Alimentation Couche-Tard (ACT), the owner of the convenience-store chain Circle K, late on Wednesday said it has withdrawn its offer to buy Seven & i Holdings, owner of 7-Eleven, citing a lack of engagement from the Tokyo-based company.
“We have repeatedly sought a friendly dialogue with the Ito family, but they have not been open to any conversation,” ACT said in a letter to the 7&i board of directors, referring to the Ito family, which controls Seven & i.
Seven & i confirmed the withdrawal of ACT’s $46 billion offer and said that it was “disappointed” with the decision and disagreed with the rival firm’s characterizations of the discussions.
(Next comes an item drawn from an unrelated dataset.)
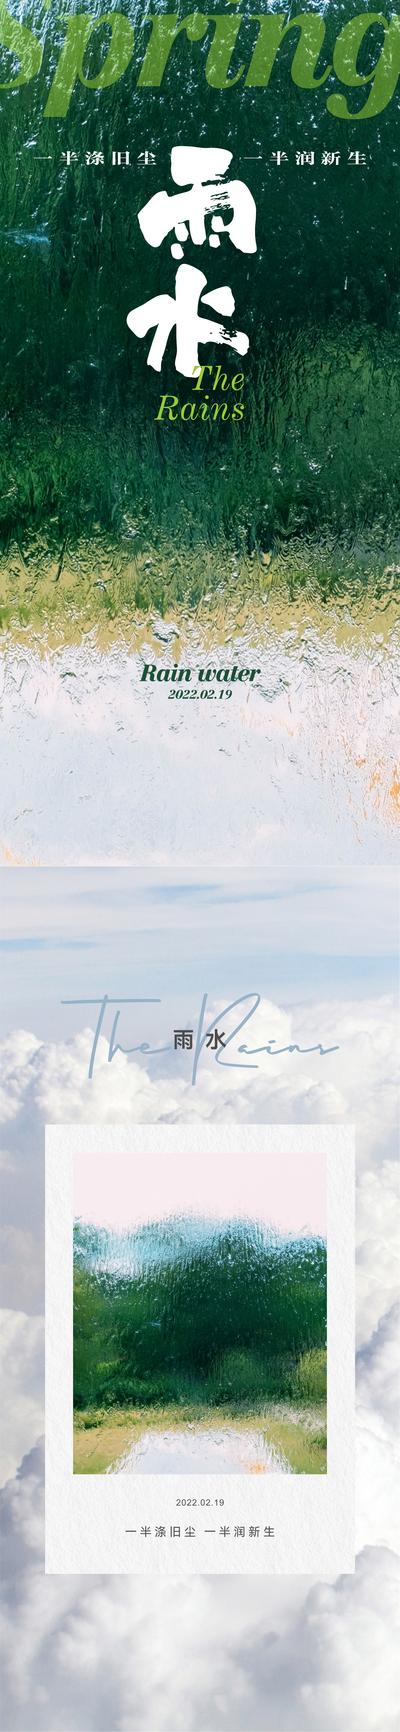 南门网 广告 海报 节气 雨水 雨滴 唯美 系列 书法

The company said there were always concerns about a potential merger with the two companies, notably their massive, North American operations. 7-Eleven is the largest operator of convenience stores in the U.S. by store count, according to Restaurant Business sister publication CSP Daily News. No. 2 is ACT.
That would likely lead to antitrust questions. “We were always honest about the extraordinary antitrust hurdles a potential transaction would face, including the protracted timeframe to move through the regulatory process,” 7-Eleven’s owner said.
As such, Seven & i said that it had pursued its own “value creation” strategy, including an initial public offering of 7-Eleven and the sale of other businesses it controls.
Nevertheless, the decision puts an end to any prospect of a merger between the nation’s two biggest convenience-store chains that sent ripples throughout that industry and the restaurant business since the idea was first broached in August.
ACT at the time offered to buy Seven & i for $39 billion before later upping that bid to a deal valued at around $46 billion.
As it is, both Circle K and 7-Eleven are growing competitors with the restaurant industry, particularly fast-food chains. A combined Circle K and 7-Eleven would have more locations than either McDonald’s or Starbucks and would likely push further into the prepared food business as consumers have been increasingly viewed them as a good option.
In addition to selling a variety of grab-and-go and prepared foods, 7-Eleven operates numerous outposts of the restaurant concepts Laredo Taco Company and Raise the Roost Chicken and Biscuits.
At the same time, antitrust concerns would likely force the sale of some stores in certain markets—assuming the deal passes legal muster at all. In addition, the global economy has changed since the deal was first conceived.
“Since ACT initially made its proposal, there have been significant changes in the global economy, exchange rates and financing markets,” 7&i said. “As ACT noted in its most recent earnings call, conditions in key markets have deteriorated since last year.”
“We are not surprised” that the deal ended, the company said.
Still, ACT said in its letter that there have been “no sincere or constructive engagement” from Seven & i since the two companies entered into a non-disclosure agreement.
“The quantity and substance of the permitted due diligence, including at two tightly constrained management meetings, have been negligible,” ACT said to the Seven & i board. “Rather, you have engaged in a calculated campaign of obfuscation and delay, to the great detriment of Seven & i and its shareholders.”